Anyway, there are lots of places to eat all around Portland.  However, unlike Negril where restaurants and cookshops are easily found on strips, Portland eateries are spread out.  So you scope out what’s around you when you’re out.  For example if you go to Winnifred, I recommend Cynthia’s.  Go there as soon as you get to the beach to order your lunch a head of time.  Let them know when you will be back.  

When in town, I go to Piggy’s at the point in the road for that juicy jerk chicken or a large soup & festival.  Or on the Marina where there’s Bikini Beach bar & grille that has pretty good hamburgers and the people who work there are wonderfully sweet.

 I also say stroll the craft market in Port Antonio on the seaside in the evenings.  The two restaurants, food at both is really good, are open daily, but you can find a lively crowd at night.  One sells mostly local cuisine, while the other specializes in pizza.  The set-up is really nice.  I love the folks that run the bar back there.  

Boston Beach got a nice facelift which includes a restaurant & bar.  I haven’t tried that place yet but I have it on my list.

Woody’s is a not to miss place.  The folks that run that place are gems and the food is always fresh and delicious.
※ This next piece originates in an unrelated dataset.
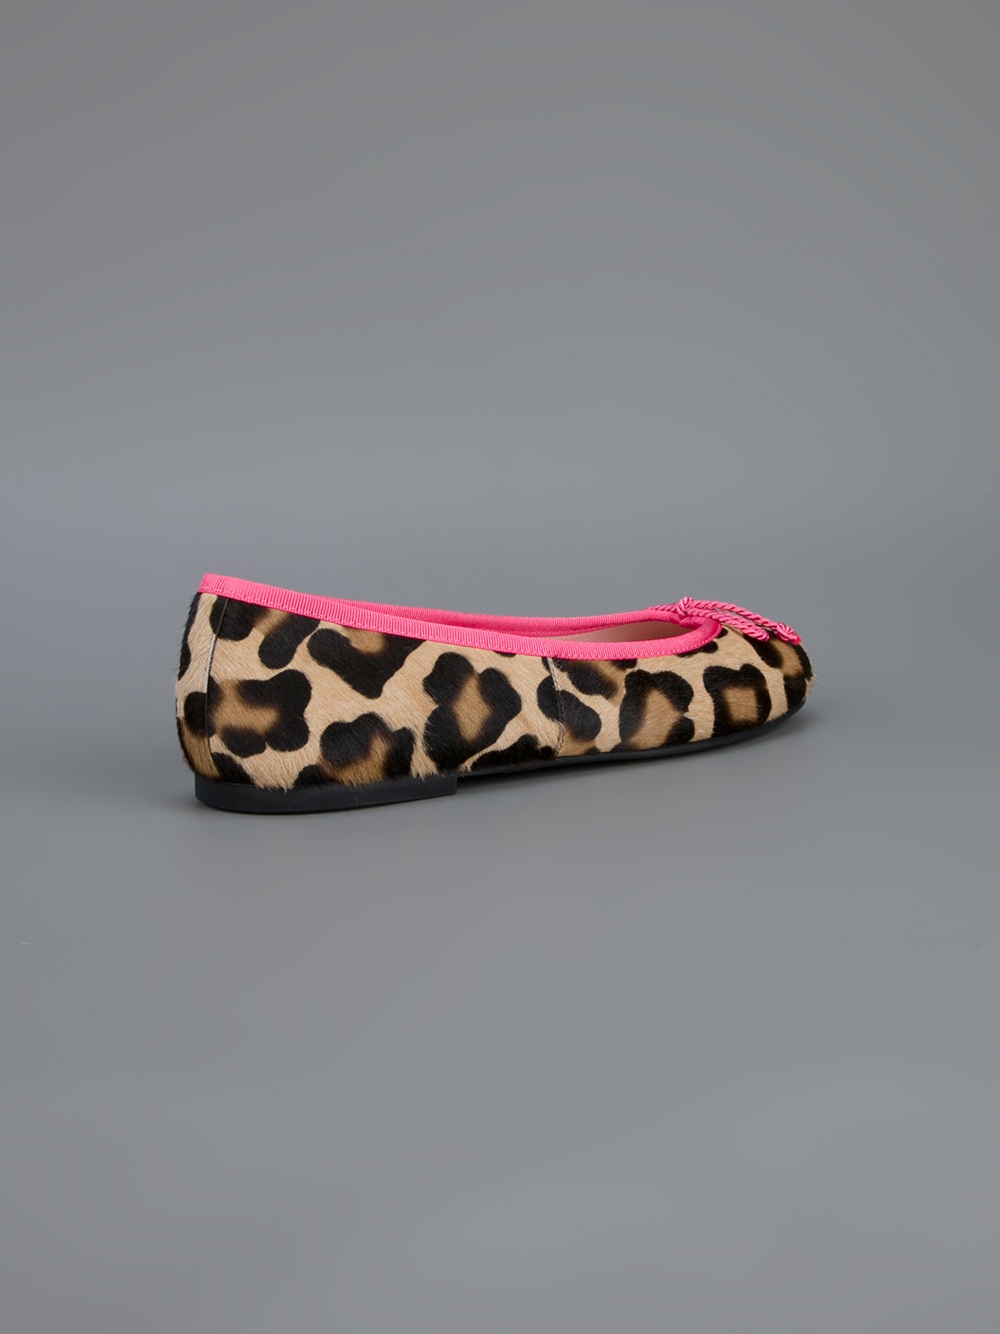 Etablering Praktisk Larry Belmont Pretty Ballerinas Leopard Print Ballerina in Pink - Lyst
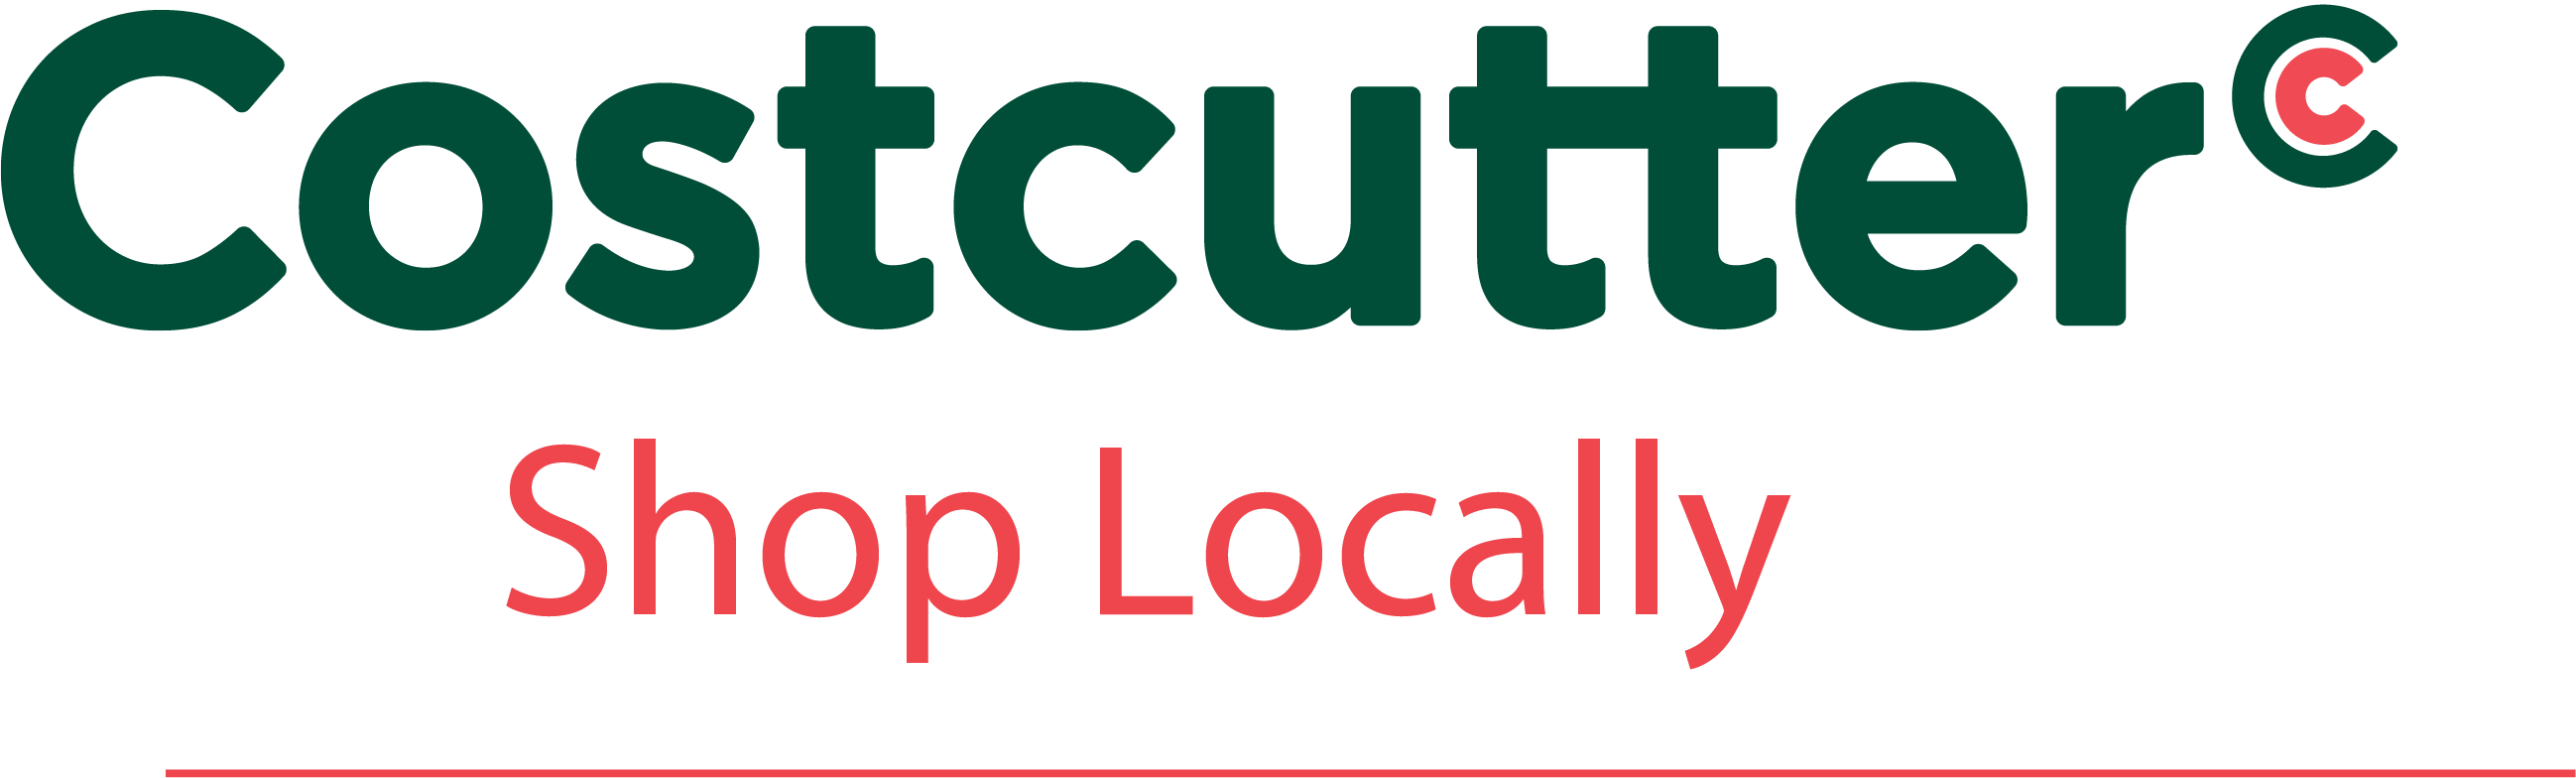 Costcutter - Shop Locally

Scotch Bonnet in the Match Resort Hotel has excellent food…breakfast, lunch and dinner. When I was there, they had two chefs.  Michael does dinners and I tell you his seafood pasta was fantastic.  I never had a bad meal there.

----------


## *vi*

541lion, there are a number of smaller cookshops I frequent, but unfortunately I can’t tell you how to find them because it’s usually at night, and post happy hour, when I go.  

When are you going back?? I’m asking because if I go before you, I’ll take pictures of the different places I eat at and their menus/prices to post.

----------


## 541lion

When you say craft market are you talking about the new one along the beach I saw in your report? It wasn't there when I was last time.. Stoked to check it out! Seems less claustrophobic than the market market! Woodys is high on my list! Those buns look amazing!! 

Iam headed back April 8th for my honeymoon!

----------


## *vi*

Honeymoon…sweet!  Now I recall you writing so passionately about meeting the woman of your dreams, getting married and bringing your bride to Jamaica.  I wish you all the best!  I’m still deciding on two dates, but it looks like I will be back before you go so I’ll collect some info for you.

Yes, the six or seven little shops along the beachside with the little play area at one end.  If you go, and I hope you do, you won’t be approached by the vendors.  The management restricts them from calling people to their shops.  You can stroll through at your leisure and buy only when and what you want.  A wonderful woodcarver name Rock Bottom is set up there.  He’s a sweetheart and very talented.  Do visit him and check out his wares.

----------


## 541lion

I visited his shop when he was over at the big market.. Nice stuff for sure!

Yes any info would be greatly appreciated! Mostly interested in those cheap box meals! Eating for under 5$ is where it's at!! More money for rum and ganja lol..

----------


## TAH

Ahh. You know what I'm missing? Like, really, sincerely missing? Every time I read the board I have to check the PA forum, just in case... you know. 
*makes eyes at miss vi*

----------


## jojo p

> Ahh. You know what I'm missing? Like, really, sincerely missing? Every time I read the board I have to check the PA forum, just in case... you know. 
> *makes eyes at miss vi*


Ditto !!!

----------


## *vi*

> *makes eyes at miss vi*


You two crack me up!!!  I promise you both, I'm almost ready to post the final installment....SOON!!  LOL

----------


## 541lion

When's your next reach vi ? I am ready for your next adventure lol

----------


## *vi*

I'm ready too!!!!!!!!!!!!!!!!!  Soon, *541lion*.  I'm hoping to get vacation time off for late March approved tonight and then the shopping and planning will begin.  In the meantime, I'm going to start posting videos from past trips AND finish the last report..."snicker".

----------


## irie always

Cliff Hangers Restaurant - I will post rip report and pictures - soon - vey nice place - not cheap but the view and ambiance is super!

I believe they also have rentals available.



We stayed at Bay View Eco Resort - you could always visit there and have dinner and check out the property

----------


## Odinson

We ate (and stayed) at Geejam (great dinner and drinks), had a great lunch at Cliffhanger (officially my favorite bar layout in the world), nice burgers and some chill pingpong at Woody's and an awesome dinner at Soldier Camp.  Highly recommend all four places.  Boston Jerk center was OK but a little dry (as I said in a previous comment, this is apparently the East Coast way).

Incidentally, did not see a single mosquito in Port Antonio over 4 days last week- only saw 3 (killed them all) in Negril - only one of those sampled my blood - 48 hours and still zika free!

----------